:: PROVIDED DATA ::

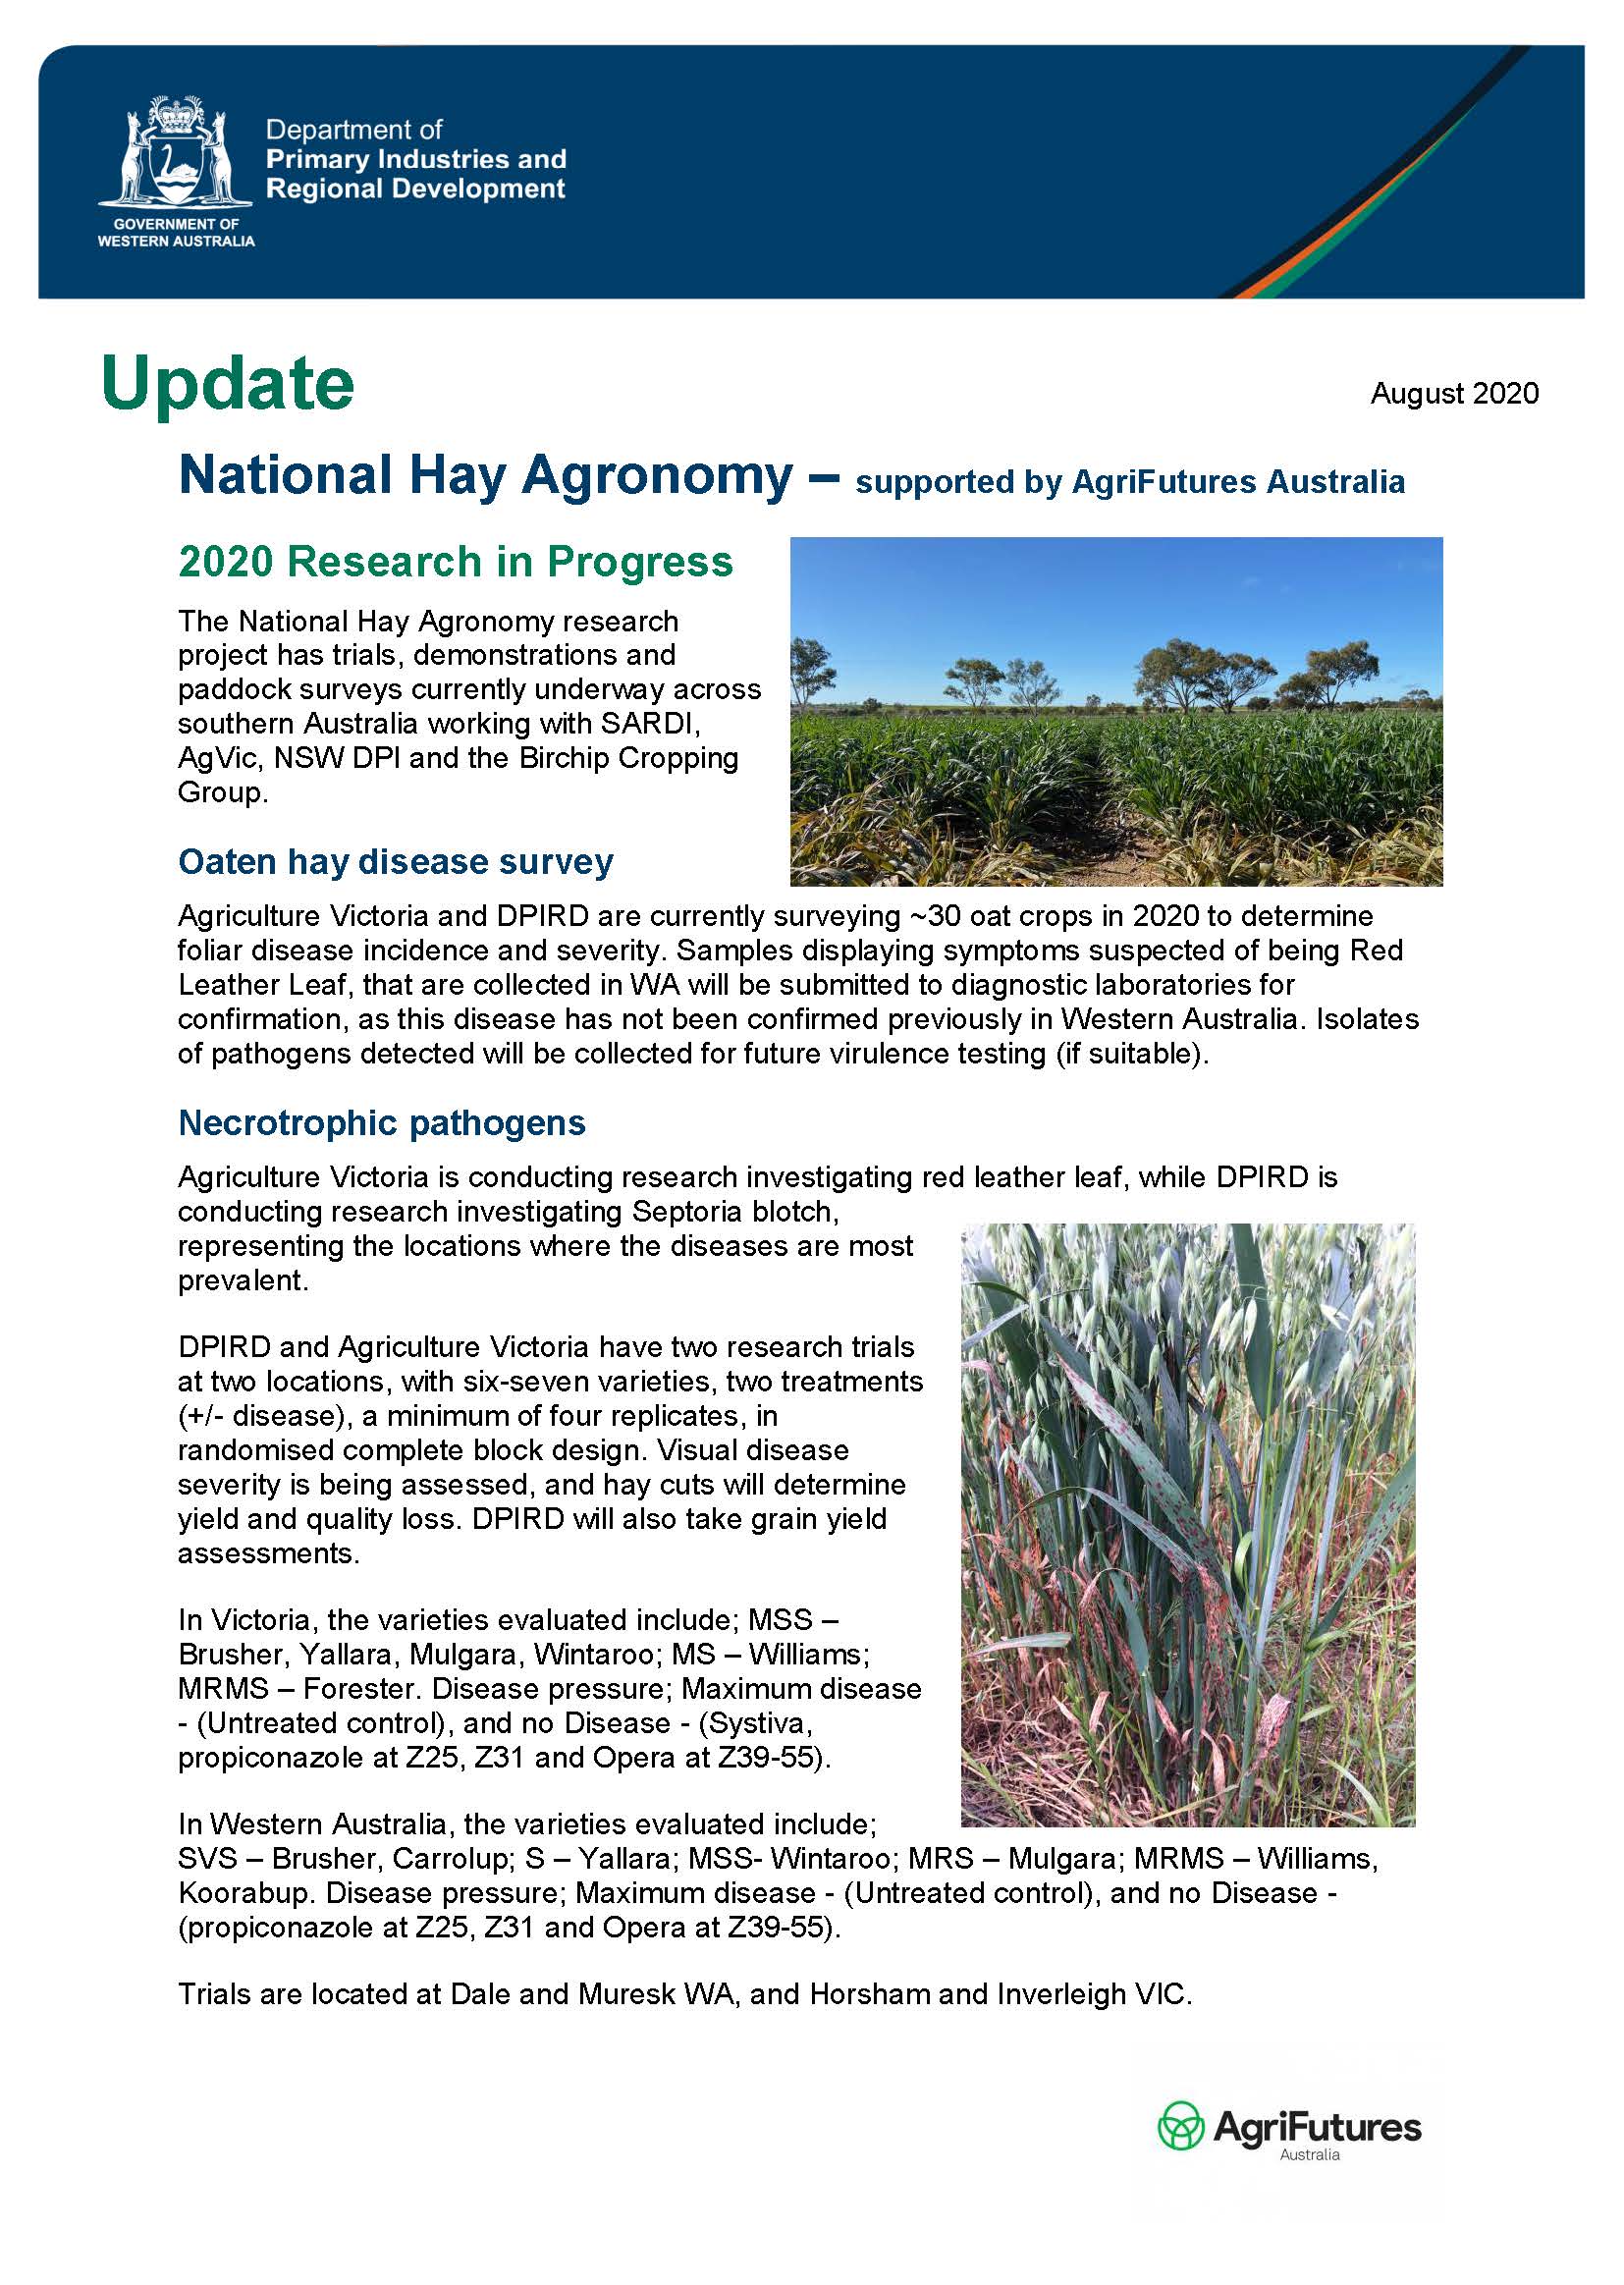 National Hay Agronomy: August 2020 Research in Progress - image
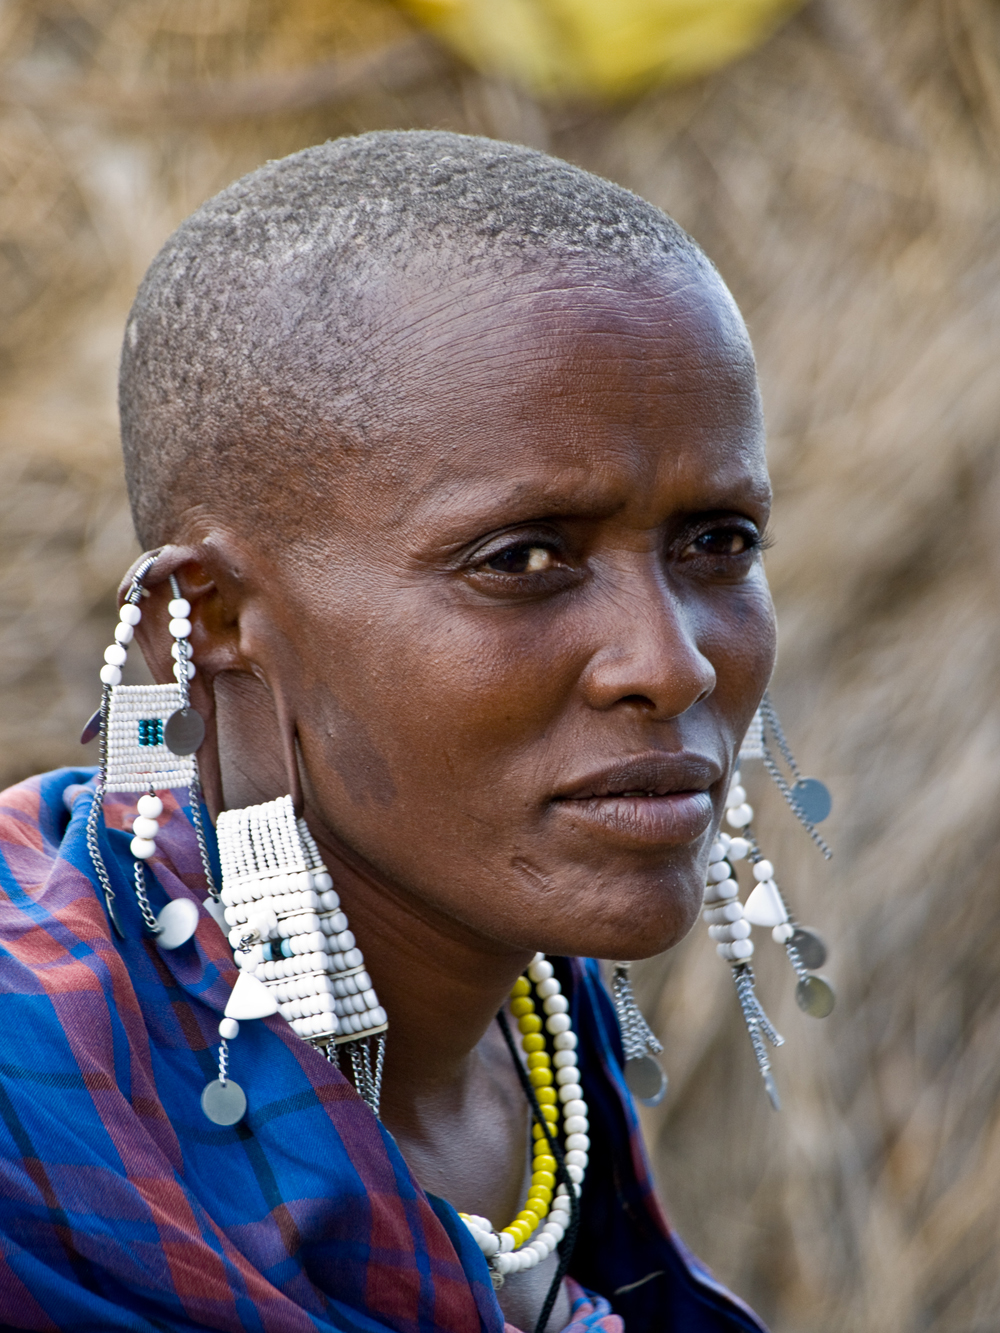 Maasai woman in traditional clothing and jewellery in the Serengeti National Park, Tanzania
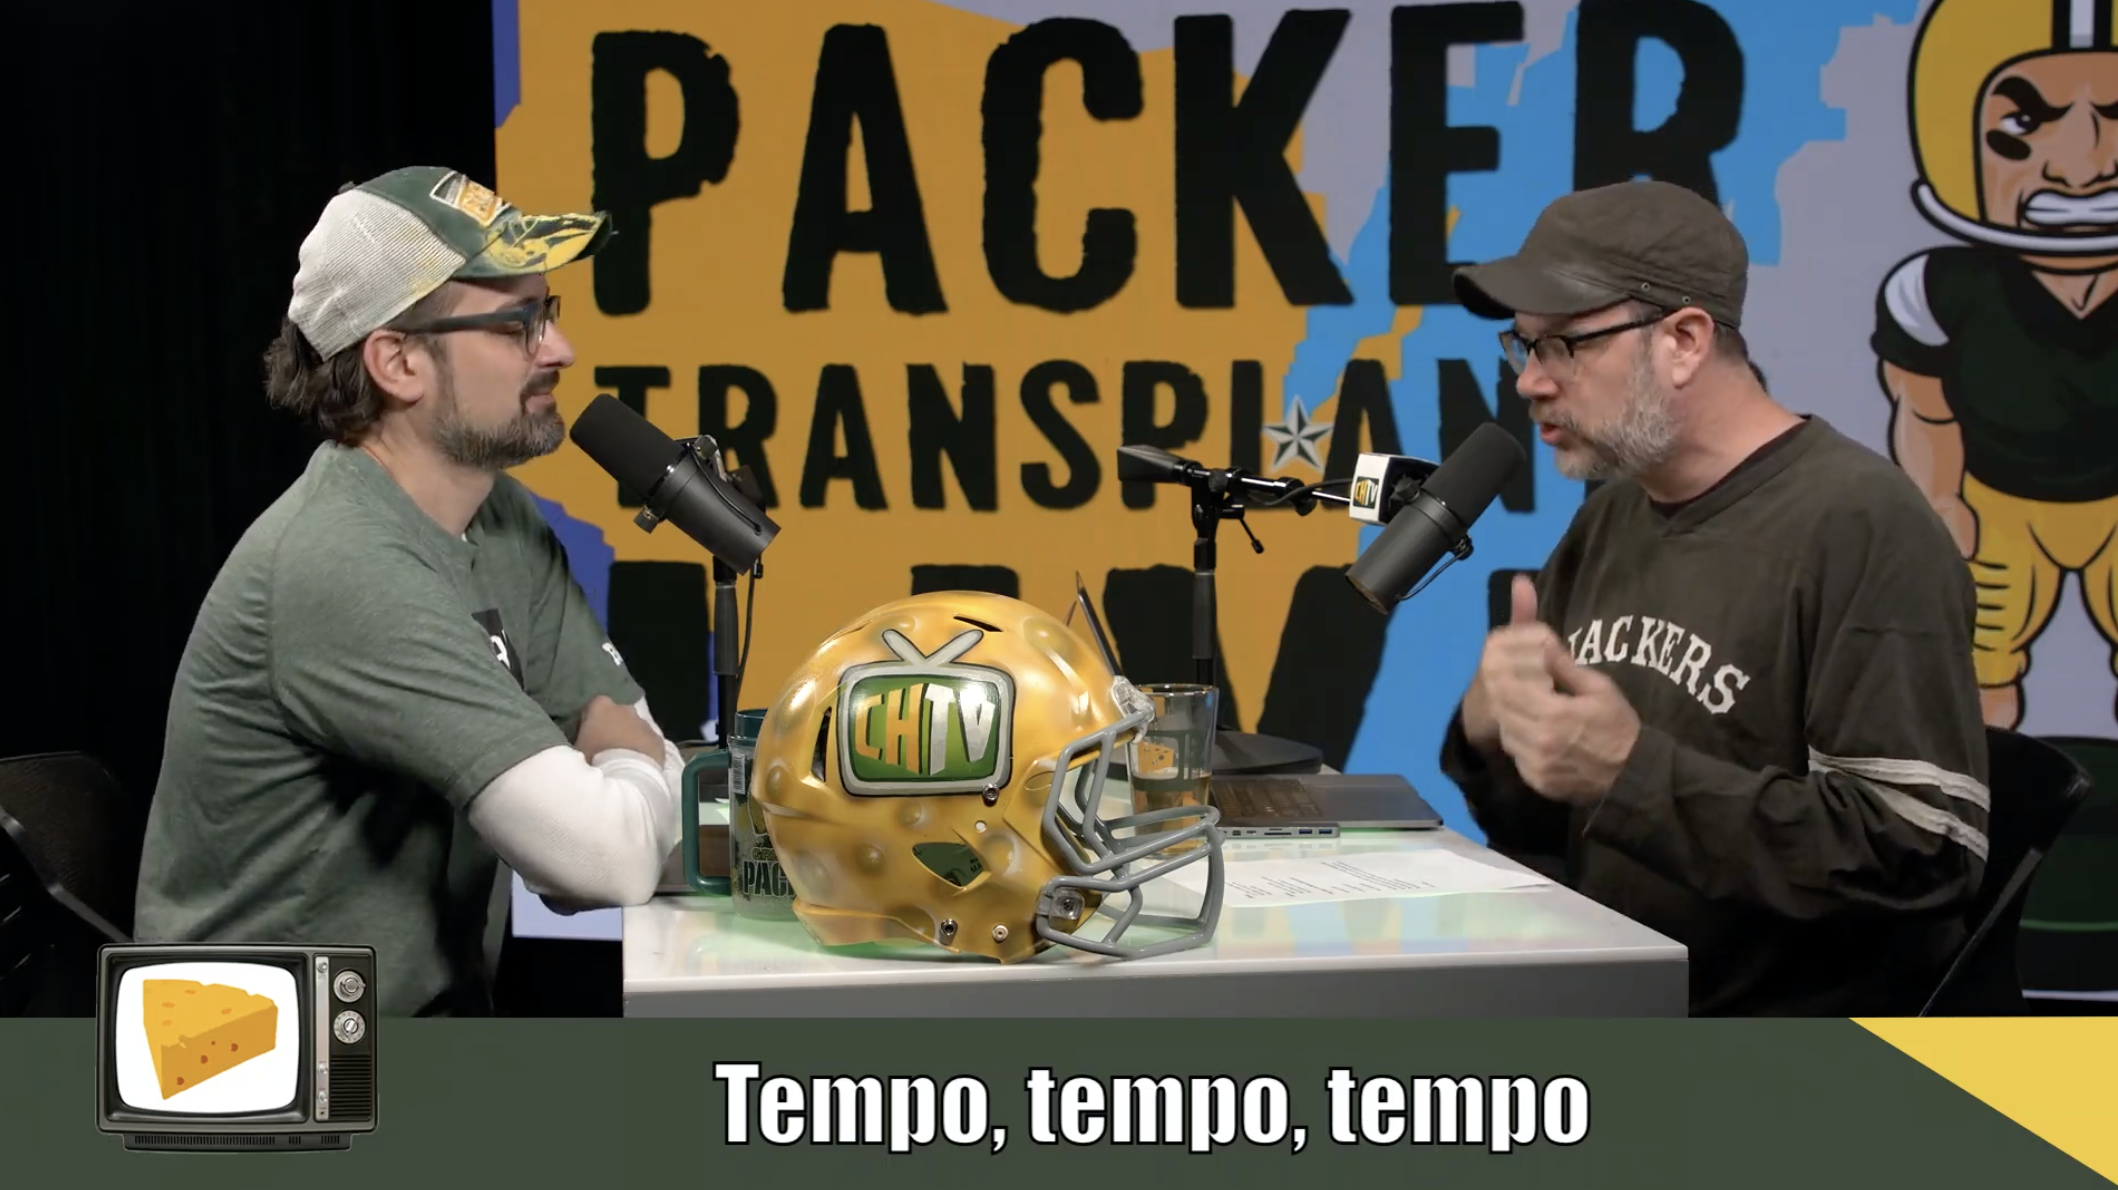 Packer Transplants 187: Bring on the 49ers2118 x 1190

:::

* **WORK REQUEST**
Repeat the data verbatim, excluding all pictures.

* **RESULT OF THIS EXERCISE**
 National Hay Agronomy: August 2020 Research in Progress - image
 Maasai woman in traditional clothing and jewellery in the Serengeti National Park, Tanzania
 Packer Transplants 187: Bring on the 49ers2118 x 1190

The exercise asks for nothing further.